Date: Thu, 14 Nov 2013 07:47:00 -0000
Message-ID: <1384415405.2935.29.camel@uno11.loco>
Mime-Version: 1.0
Content-Transfer-Encoding: 7bit
X-SW-Source: 2013-q4/txt/msg00085.txt.bz2

By the way, I ran some tests on the fi_FI locale for glibc-2.18 and it
seems to contain out of date information in regards to collation. The
correct collation order/data are specified in Finnish standard SFS-EN
13710 published in 2011 (Finnish standard based on EN 13710 ~aka ISO/IEC
14651) and CLDR, and implemented in ICU. Quick look at the fi_FI file
tells me that at least the dates are off, which would imply the data
being off. The collation errors seem to be diacritic related, so I would
have to go through the actual data to determine whether the error is in
strcoll's dealing with UTF-8 or the collation data. The collation data
seems to be the most likely suspect. Keld, your name is listed as the
contact, so maybe best that you check this out. In case only the
comments are off. Also, the charset is wrong. It is listed as iso-8859-1
for fi_FI and iso-8859-15 for fi_FI@euro. The correct charset for
Finnish is UTF-8. Only UTF-8 includes all the characters included in the
current standards.

Since EN 13710 specifies a European collation order, it should also be
used in other Europan locales as the default sorting order.

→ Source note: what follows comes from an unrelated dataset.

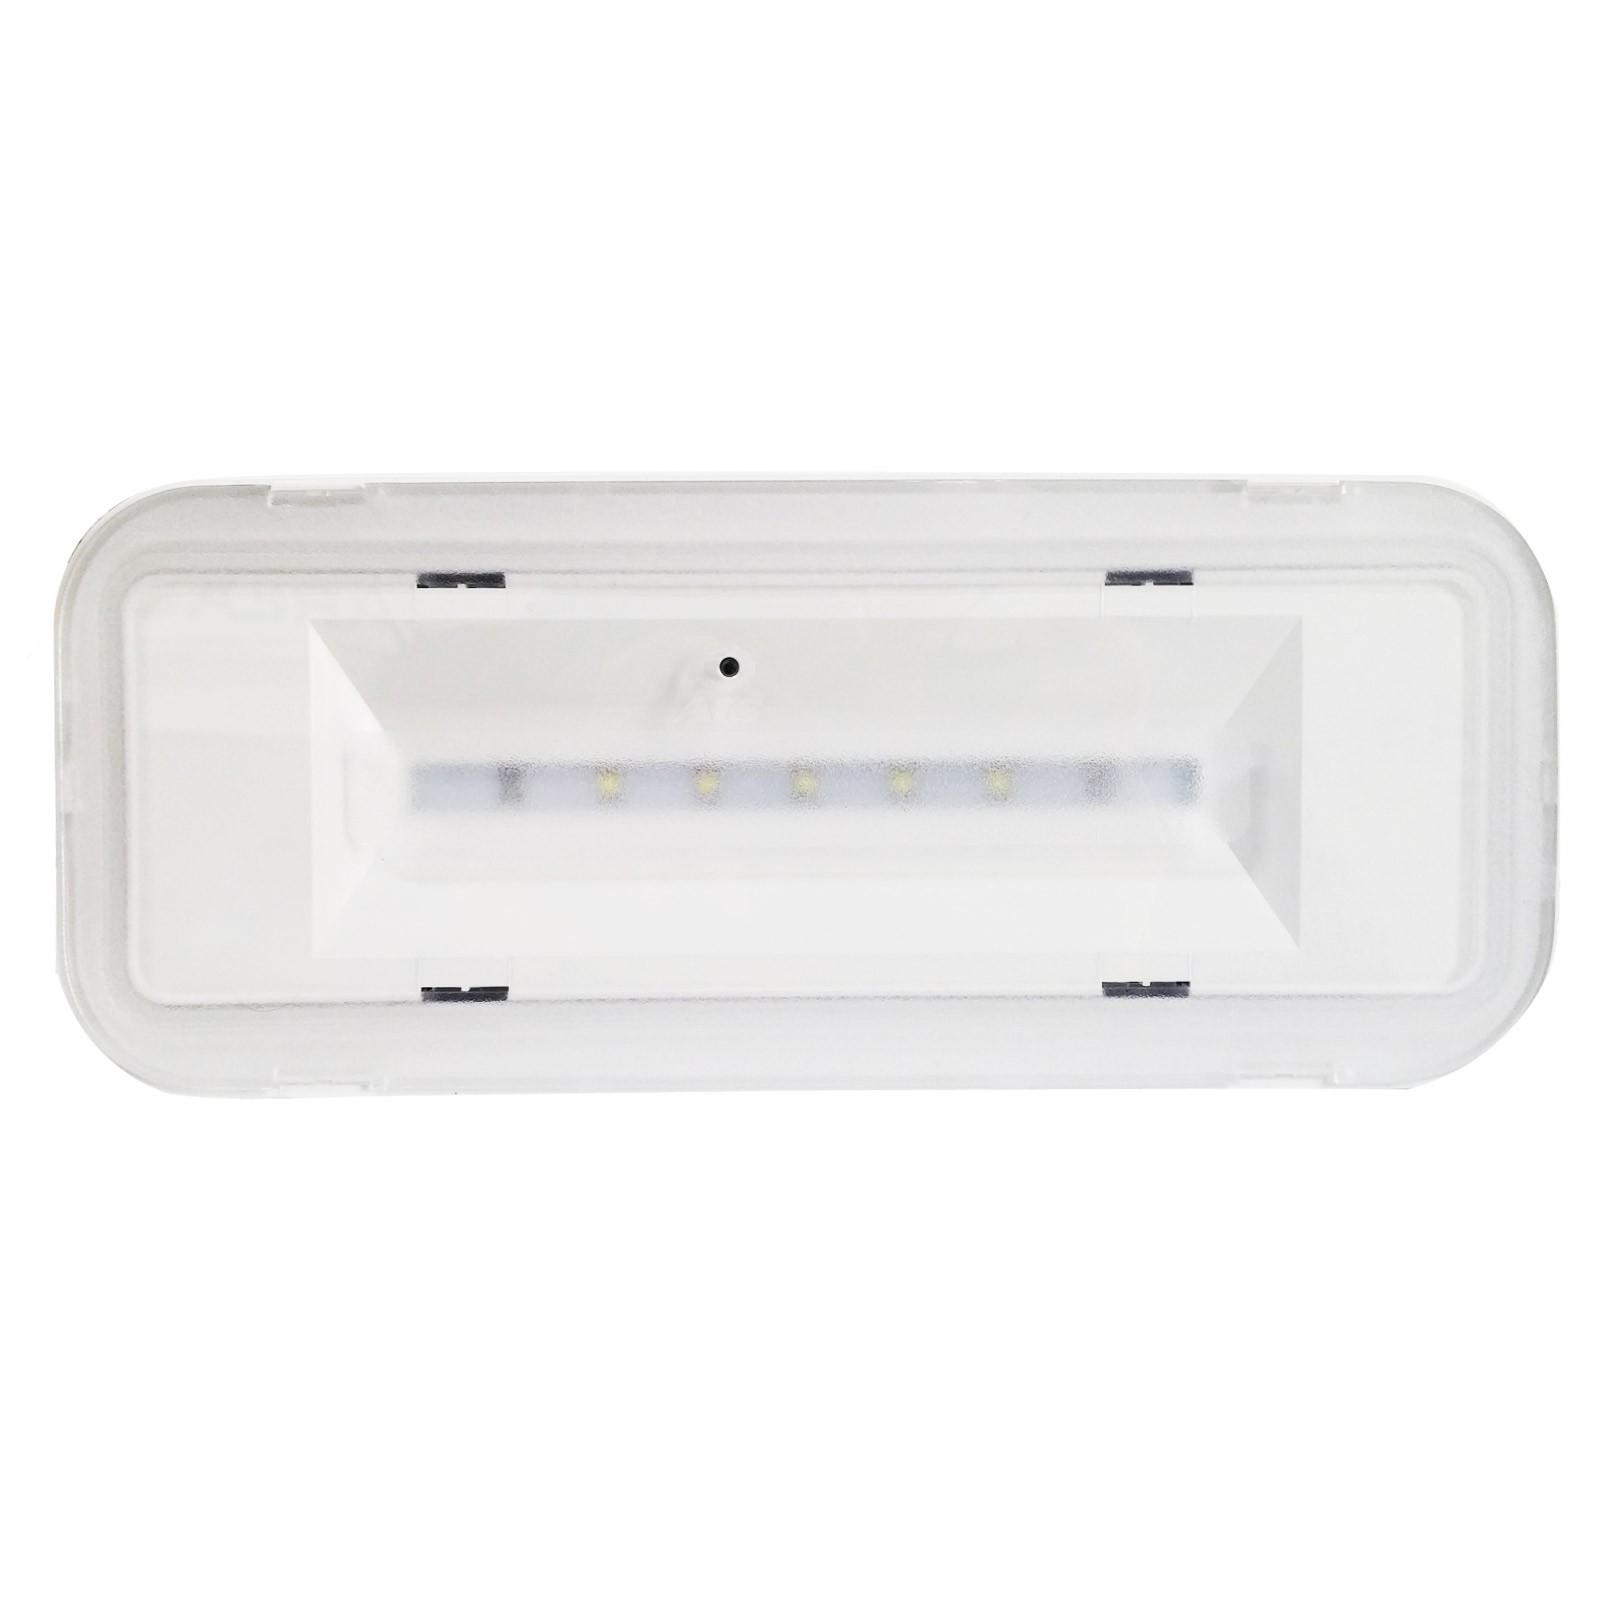 Ova Lampade Emergenza Catalogo.Luci D Emergenza Illuminazione A Led Area Illumina

I've tried to push for more cooperation with CLDR in the past too, and
here is a good case in point why it would actually be a good idea to
keep an eye on CLDR. There is no need to automate the process
(difficulty of which seems to be the reason for resisting CLDR), just
get the relevant data. Running comparison tests between cldr and libc
would also be a good idea. ICU is pretty up-to-date in terms of CLDR and
other Unicode.org data, so that would be an easy way to implement the
tests.

Troy


On Tue, 2013-11-12 at 10:37 -0500, Steven Abner wrote:
> On 12 Nov 2013, at 9:34 AM, Steven Abner wrote:
> 
> > all data that is important, save one, is in POSIX's 7-bit ASCII
> 
>  I wish to add, the quoted strings however are UTF8 instead of the default set. Off the top of my
> head, the JP file has quoted ("") strings for correct display of months, hours, etc. in UTF8.
>  As far as embedded, a Japanese microwave doesn't need UTF8 for display, but the designer
> who butchers the code for the microwave, even a Japanese one, can readily use UTF8 to set up
> JIS0201 or even their own proprietary 128 or less byte display code, and internal communications.
> That same designer could use UTF8, and default character information from glibc locales to
> create an embedded version of a code set for microwaves in China.
>   Not saying this is standard, but my point was, I guess, is default character set for the locale could
> or should go into the ASCII section of "LC" data. Comments in any encoding get gobbled, quoted
> strings either in default character set or UTF8.
>   I am no expert, just food for thought.
> Steve